年末年始の読書:『資本主義の終焉と歴史の危機』
新しい年が始まった。このブログでは普通は政治も経済も語らないが、大著『21世紀の資本』の読書中でもあり、あえて経済の話をしたい。大晦日の「朝日」の一面は、来年度の税制改革が企業や富裕層を優遇して個人消費の底上げを図る方向に決まったことが報じられていた。
企業向けの減税以上に驚いたのは、子供や孫に資産を贈る場合の税優遇策だ。既に住宅や教育資金の贈与に非課税枠があるが、結婚や子育て費用にも使えるようにするという。まさに、金持ち家族は子孫も金持ちのままにする、格差作りのための税制だ。
このような贈与は信託銀行が管理するというから、もともと信託銀行に縁がある富裕層だけが関係がある。そのうえ銀行も儲かるし。
そもそも個人消費を増やす必要があるのか、という疑問を持っていたら、年末に読んだ水野和夫著『資本主義の周縁と歴史の危機』にその答えがあった。一言で言うと、もう資本主義は終わりに近づいているから、そんな努力は無駄であるという内容だった。

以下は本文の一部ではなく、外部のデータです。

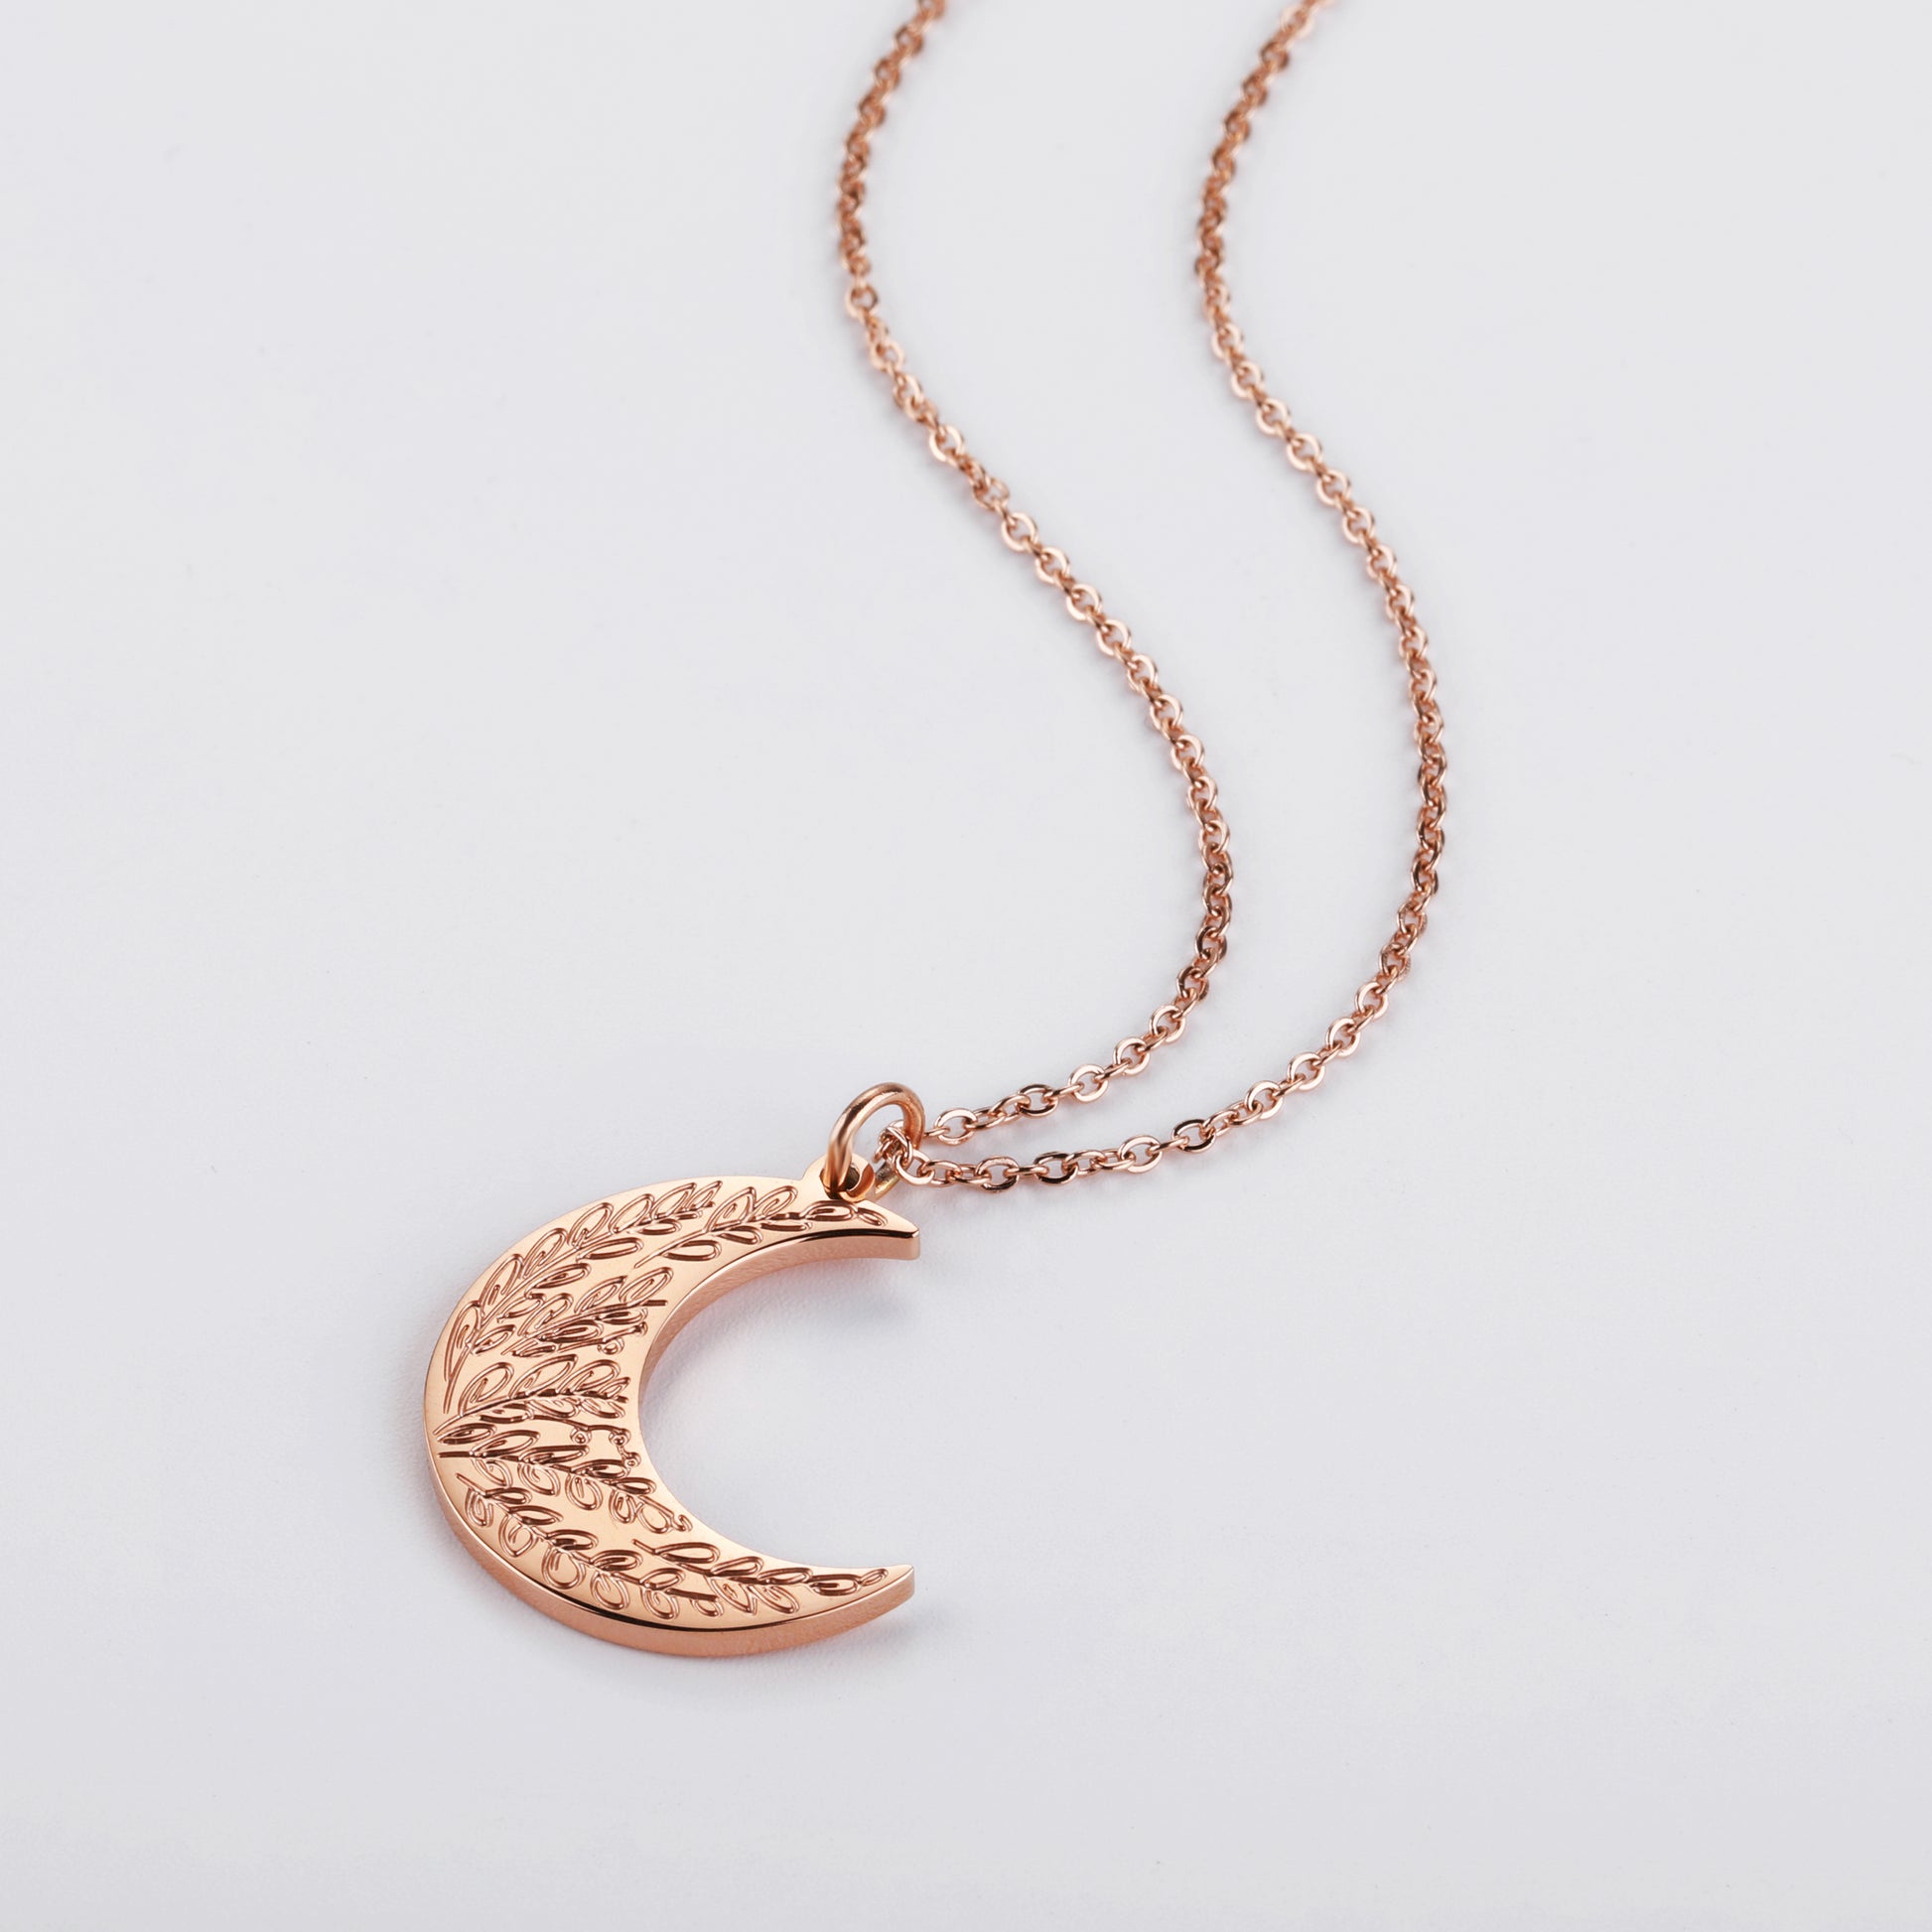 Darjali Jewelry Botanical Moon Necklace 18K Rose Gold

日本は世界で最も低金利となった。これは資本投下の利潤がゼロになることだから、資本主義の終わりを意味する。「資本主義は「中心」と「周辺」から構成され、「周辺」つまり、いわゆるフロンティアを広げることによって「中心」が利潤性を高め、資本の自己増殖を推進してゆくシステムです」
「本来ならば、「地理的・物的空間」での利潤低下に直面した1970年代半ばの段階で、先進各国は資本主義に代わる新たなシステムを模索すべきでした。/しかし、アメリカは、近代システムに代わる新たなシステムを構築するのではなく、…「電子・金融空間」に利潤のチャンスを見つけ、「金融帝国」化してゆくという道でした」
「資本主義は「周辺」の存在が不可欠ですから、途上国が成長し、新興国に転じれば、新たな「周辺」を作る必要があります。それが、アメリカで言えば、サブプライム層であり、日本で言えば、非正規社員であり、EUで言えば、ギリシャやキプロスなのです」
「こうした国境の内側で格差を広げることも厭わない「資本のための資本主義」は、民主主義も同時に破壊することになります。民主主義は価値観を同じくする中間層の存在があって初めて機能するのであり、多くの人の所得が減少する中間層の没落は、民主主義の基盤を破壊することにほかならないのです」
格差社会は民主主義を破壊するという恐ろしい内容だ。この本では、ではどうすればについてのヒントがいくつか書かれているが、それについては後日書く。